US Patent Application 18144045. OPEN-VOCABULARY OBJECT DETECTION IN IMAGES simplified abstract

From WikiPatents
Jump to navigation Jump to search

OPEN-VOCABULARY OBJECT DETECTION IN IMAGES

Organization Name

Google LLC


Inventor(s)

Matthias Johannes Lorenz Minderer of Zurich (CH)

Alexey Alexeevich Gritsenko of Amsterdam (NL)

Austin Charles Stone of San Francisco CA (US)

Dirk Weissenborn of Berlin (DE)

Alexey Dosovitskiy of Berlin (DE)

Neil Matthew Tinmouth Houlsby of Zürich (CH)

OPEN-VOCABULARY OBJECT DETECTION IN IMAGES - A simplified explanation of the abstract

This abstract first appeared for US patent application 18144045 titled 'OPEN-VOCABULARY OBJECT DETECTION IN IMAGES

Simplified Explanation

The patent application describes a method for object detection using a neural network.

  • The method involves obtaining an image and a set of query embeddings representing different categories of objects.
  • The image and query embeddings are processed using an object detection neural network.
  • The image is processed using an image encoding subnetwork to generate object embeddings.
  • Each object embedding is processed using a localization subnetwork to determine the region of the image where the object is located.
  • The object embeddings and query embeddings are processed using a classification subnetwork to generate a classification score distribution for each object embedding.
  • This method allows for accurate detection and classification of objects in an image.


Original Abstract Submitted

Methods, systems, and apparatus, including computer programs encoded on a computer storage medium, for object detection.
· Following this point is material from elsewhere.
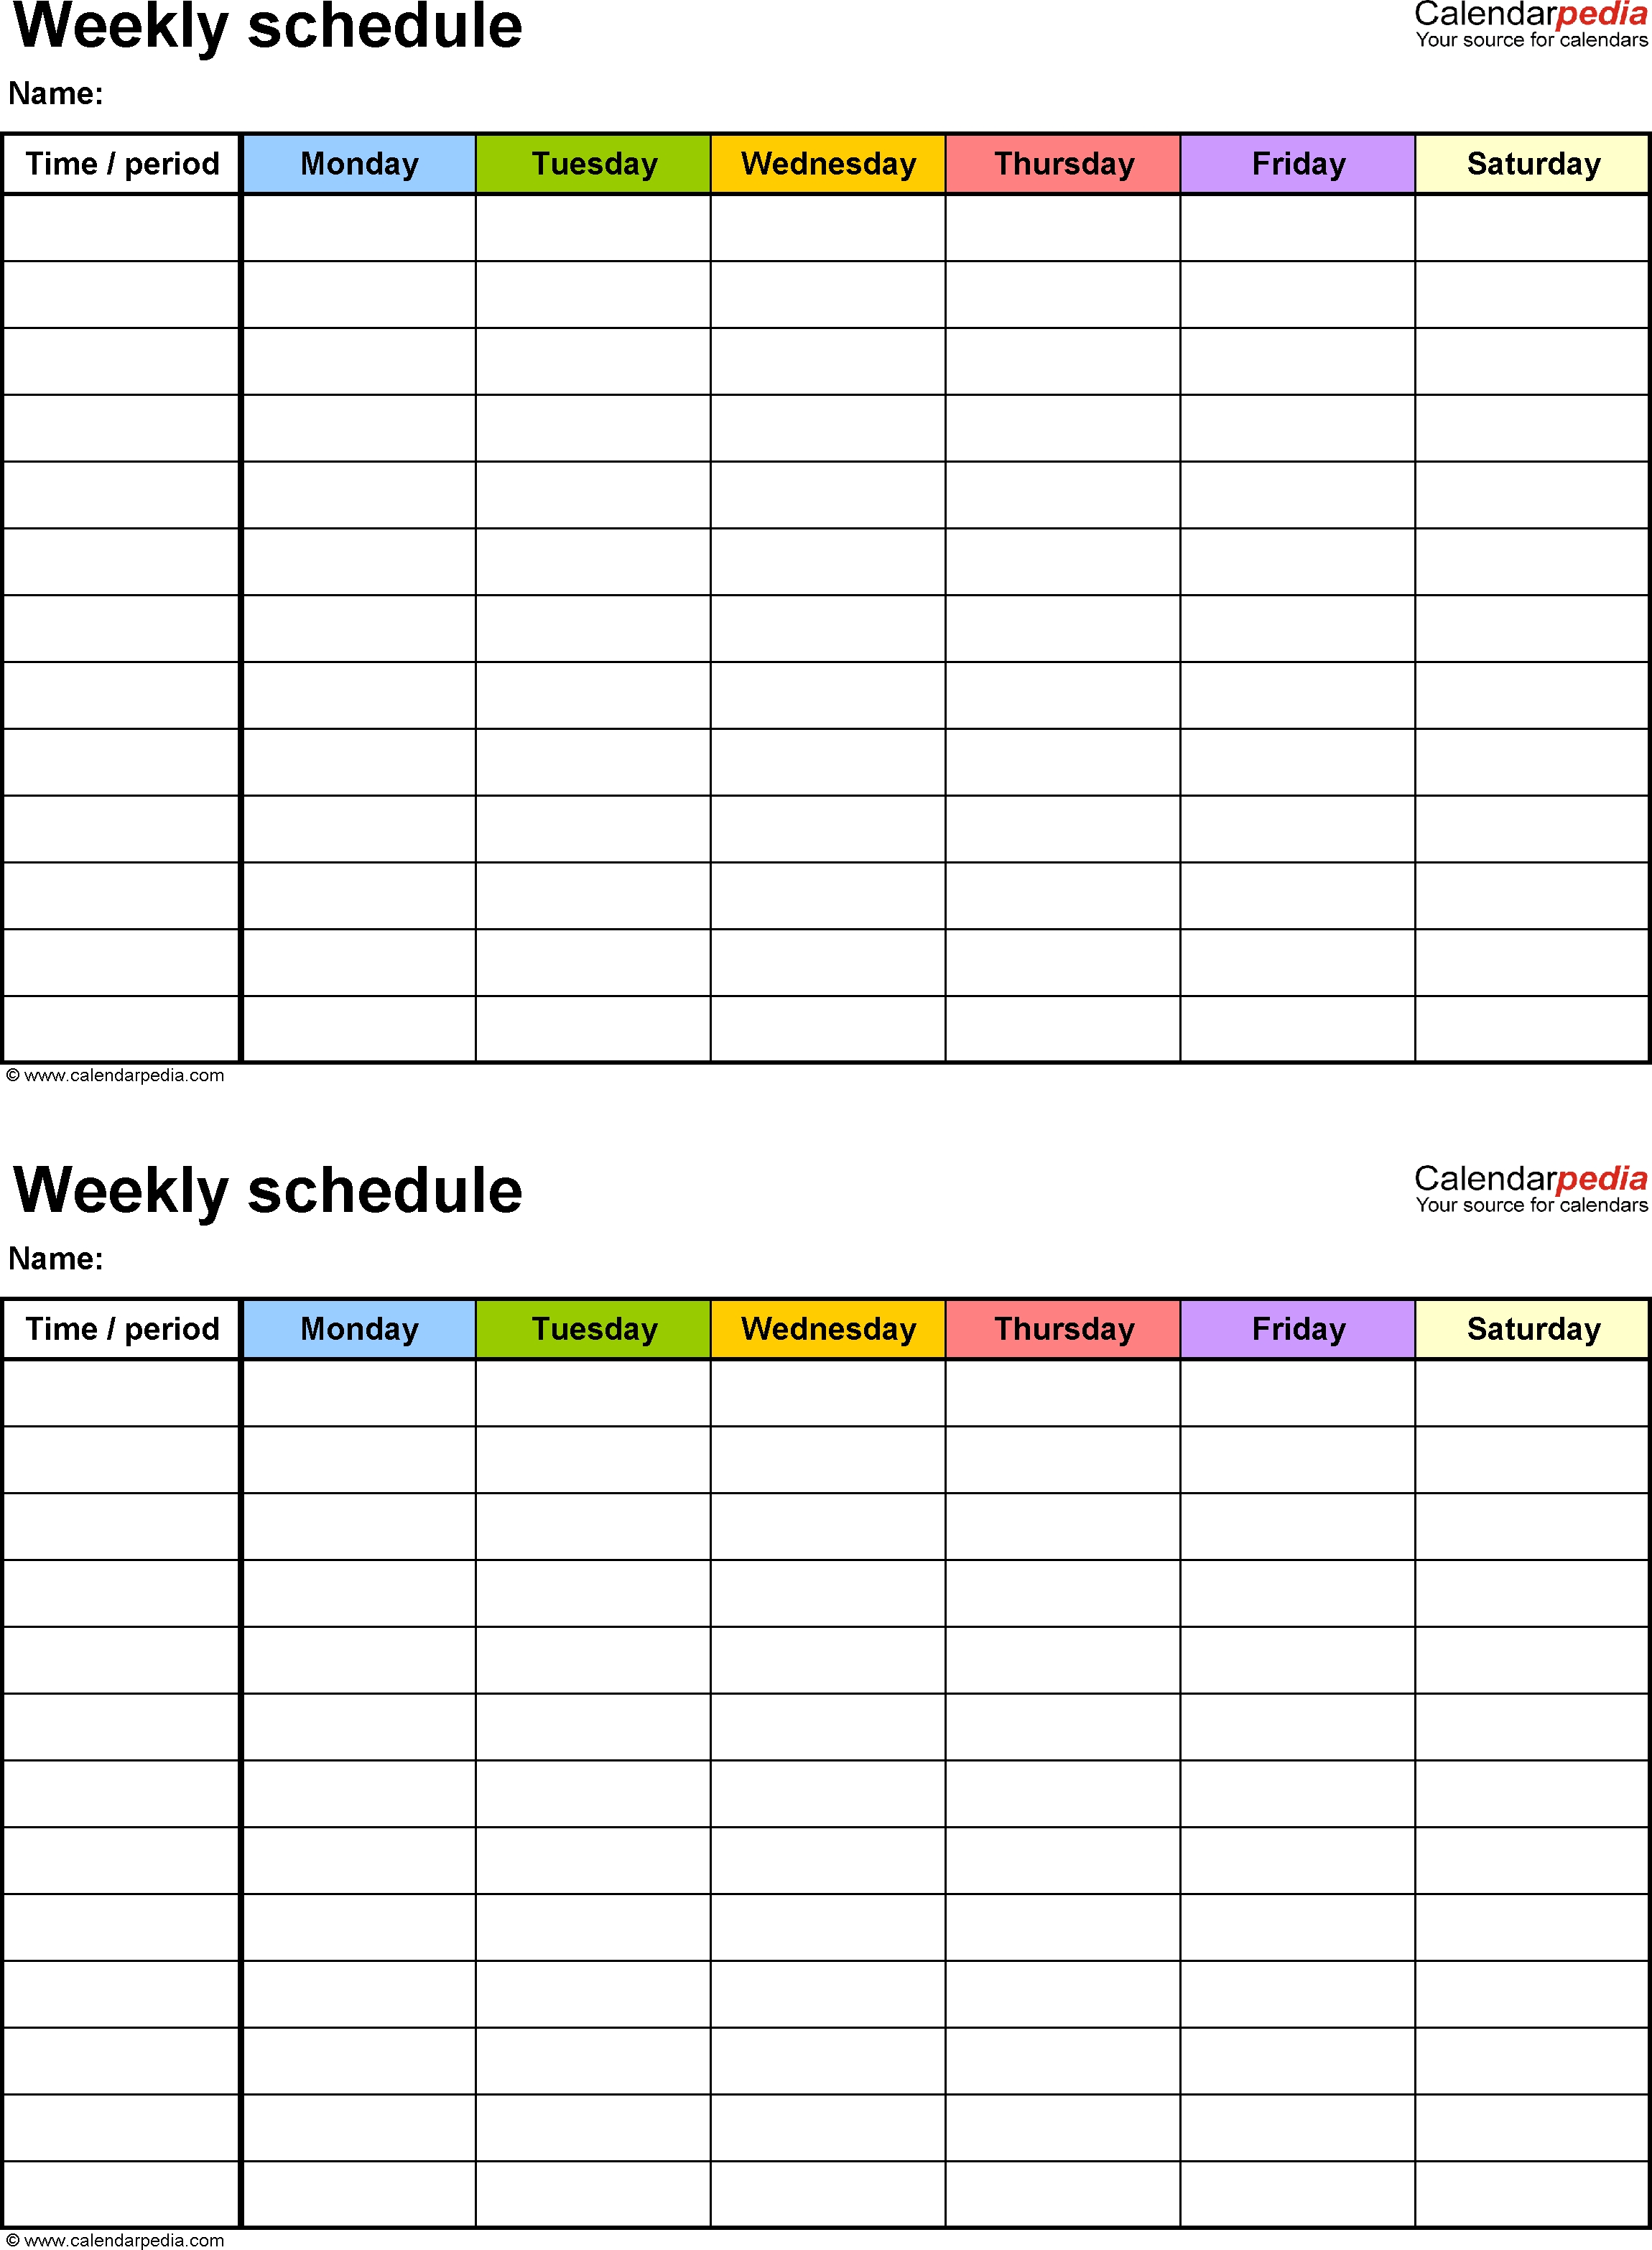 Free Weekly Schedule Templates For Excel - 18 Templates 7 Week Calendar Template
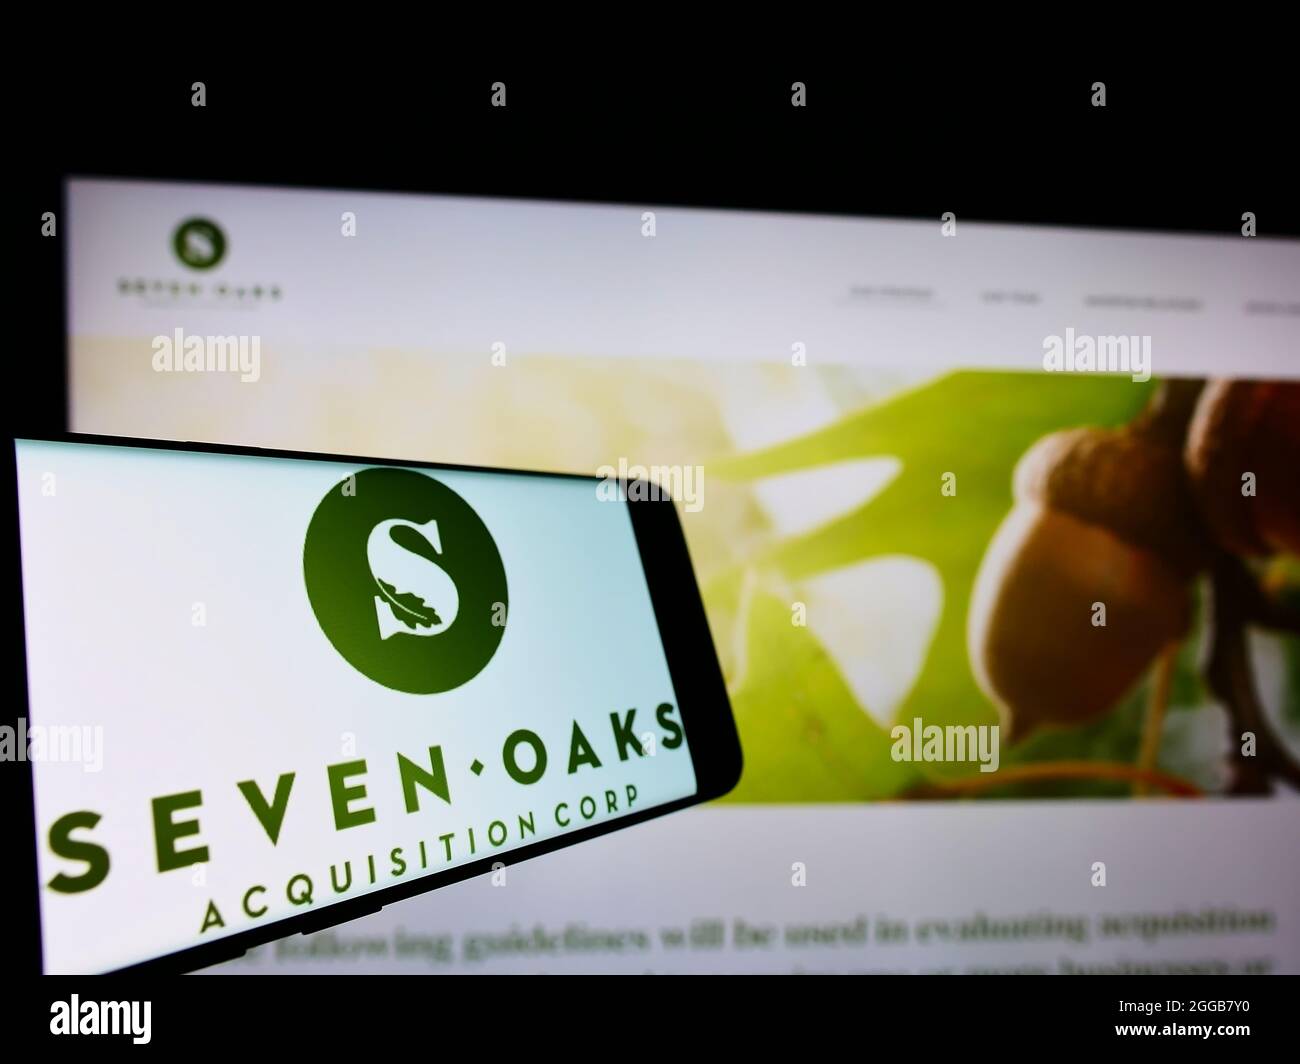 Smartphone with logo of American company Seven Oaks Acquisition Corp. on screen in front of business website. Focus on center of phone display. Stock Photo

In one aspect, a method comprises: obtaining: (i) an image, and (ii) a set of one or more query embeddings, wherein each query embedding represents a respective category of object; processing the image and the set of query embeddings using an object detection neural network to generate object detection data for the image, comprising: processing the image using an image encoding subnetwork of the object detection neural network to generate a set of object embeddings; processing each object embedding using a localization subnetwork to generate localization data defining a corresponding region of the image; and processing: (i) the set of object embeddings, and (ii) the set of query embeddings, using a classification subnetwork to generate, for each object embedding, a respective classification score distribution over the set of query embeddings.